(Data shown)
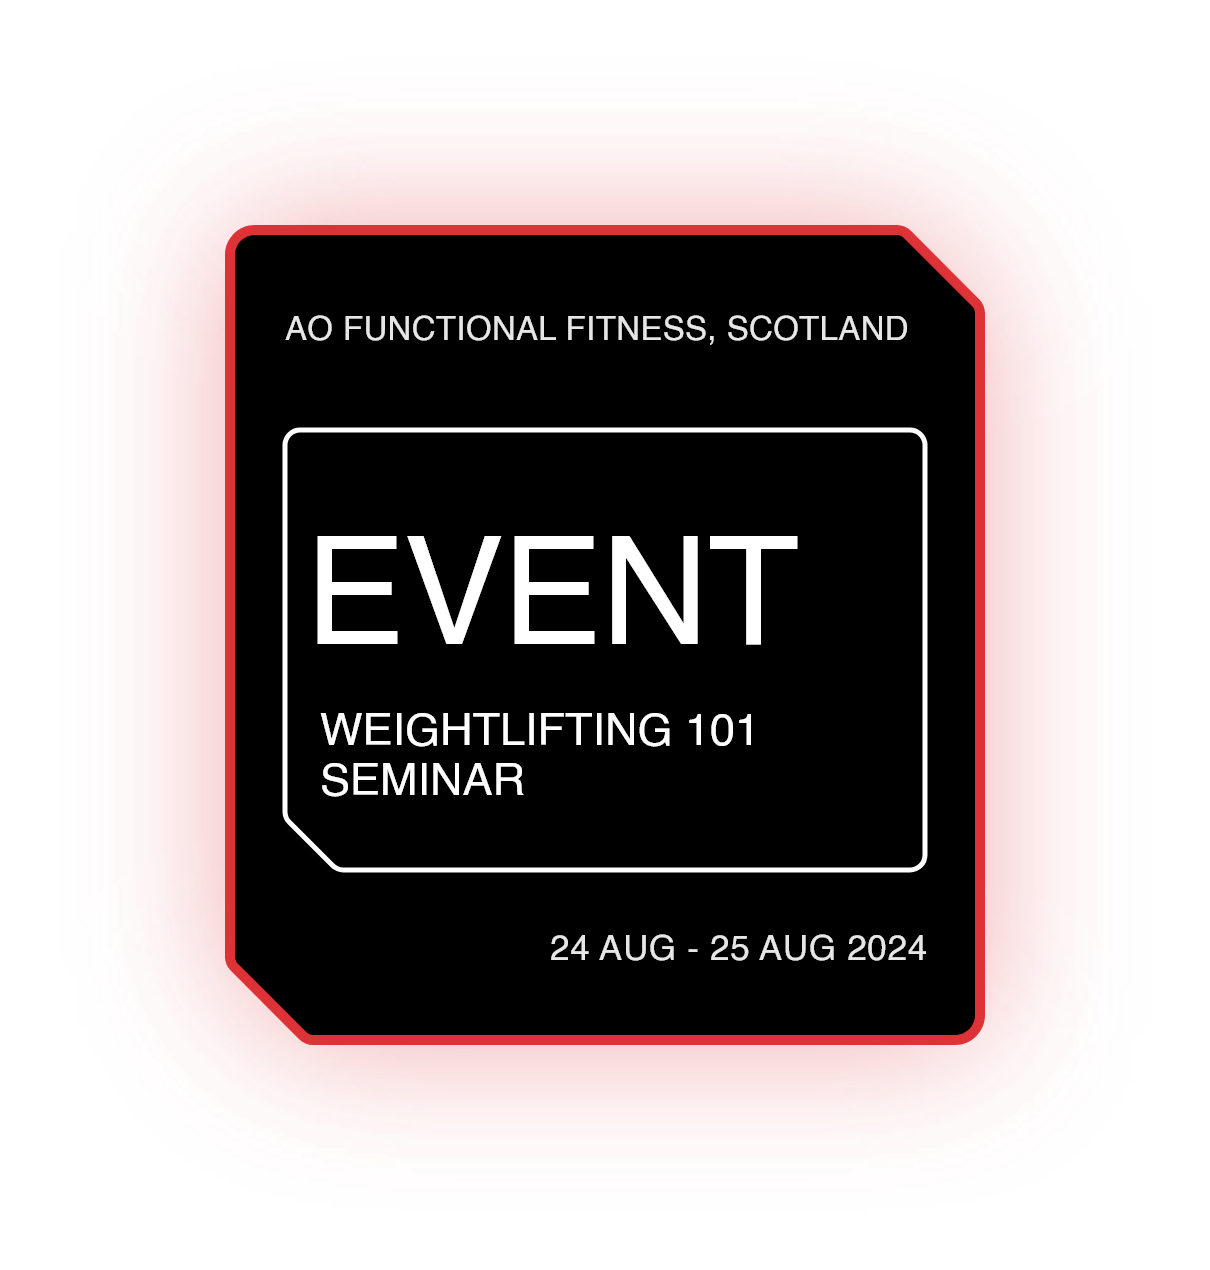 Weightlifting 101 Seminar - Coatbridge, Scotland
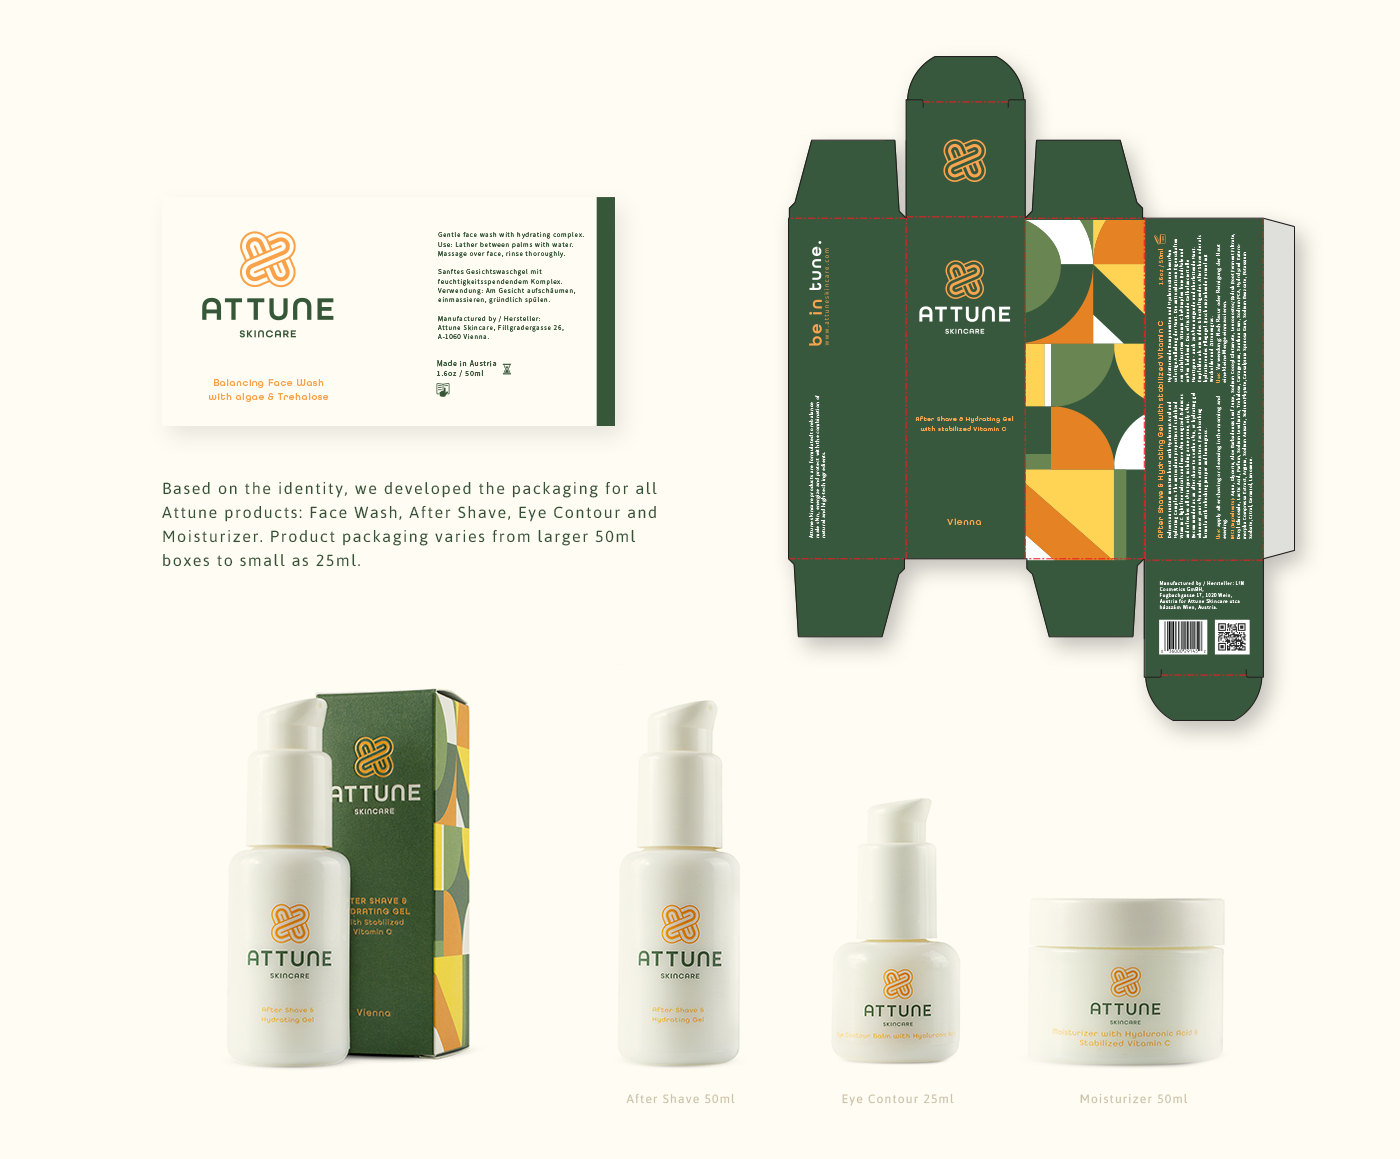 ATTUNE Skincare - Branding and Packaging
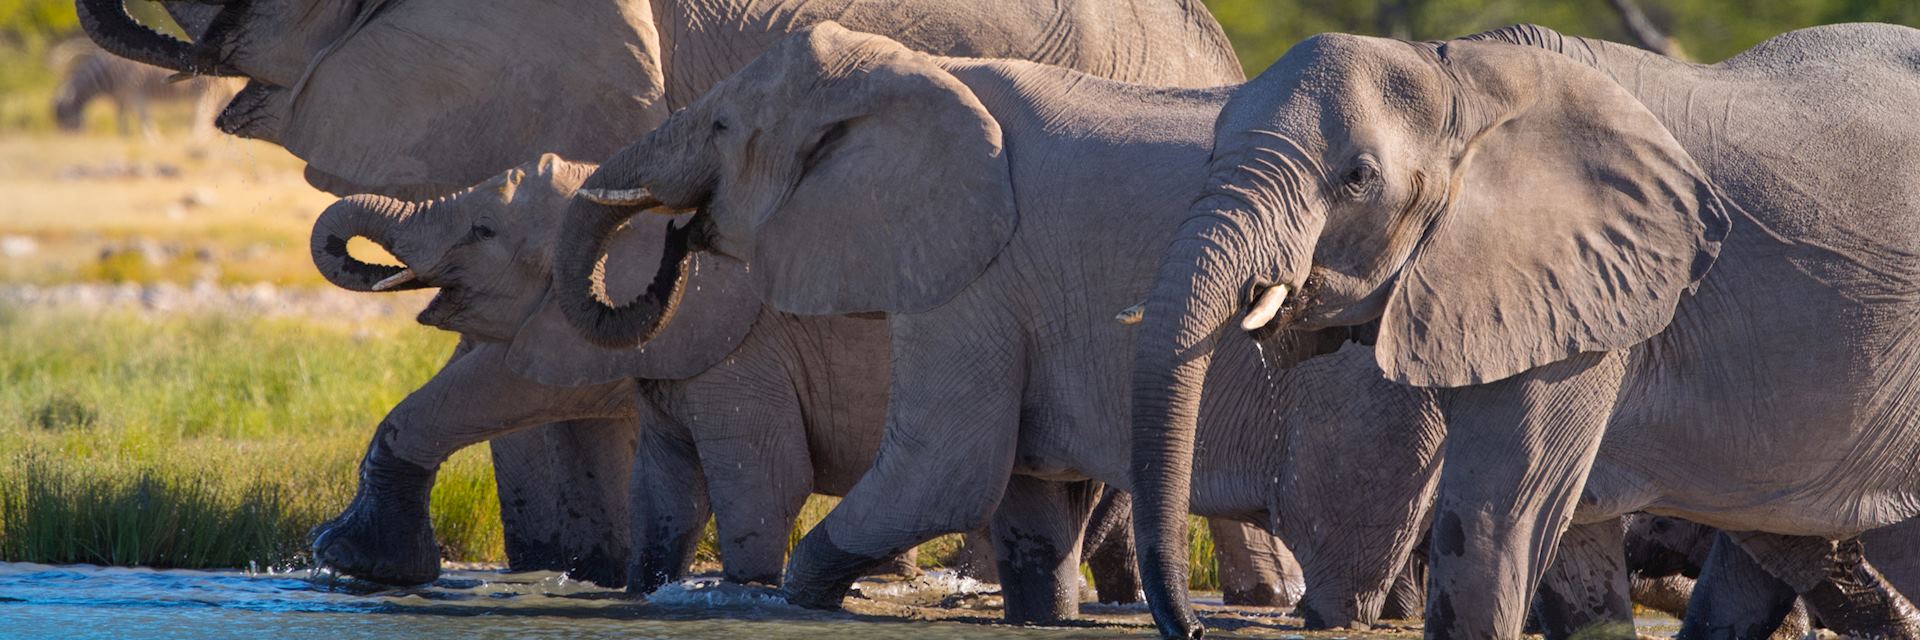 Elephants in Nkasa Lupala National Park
(End Data shown)
Your task is to repeat the material above exactly, without its pictures.

 Weightlifting 101 Seminar - Coatbridge, Scotland
 ATTUNE Skincare - Branding and Packaging
 Elephants in Nkasa Lupala National Park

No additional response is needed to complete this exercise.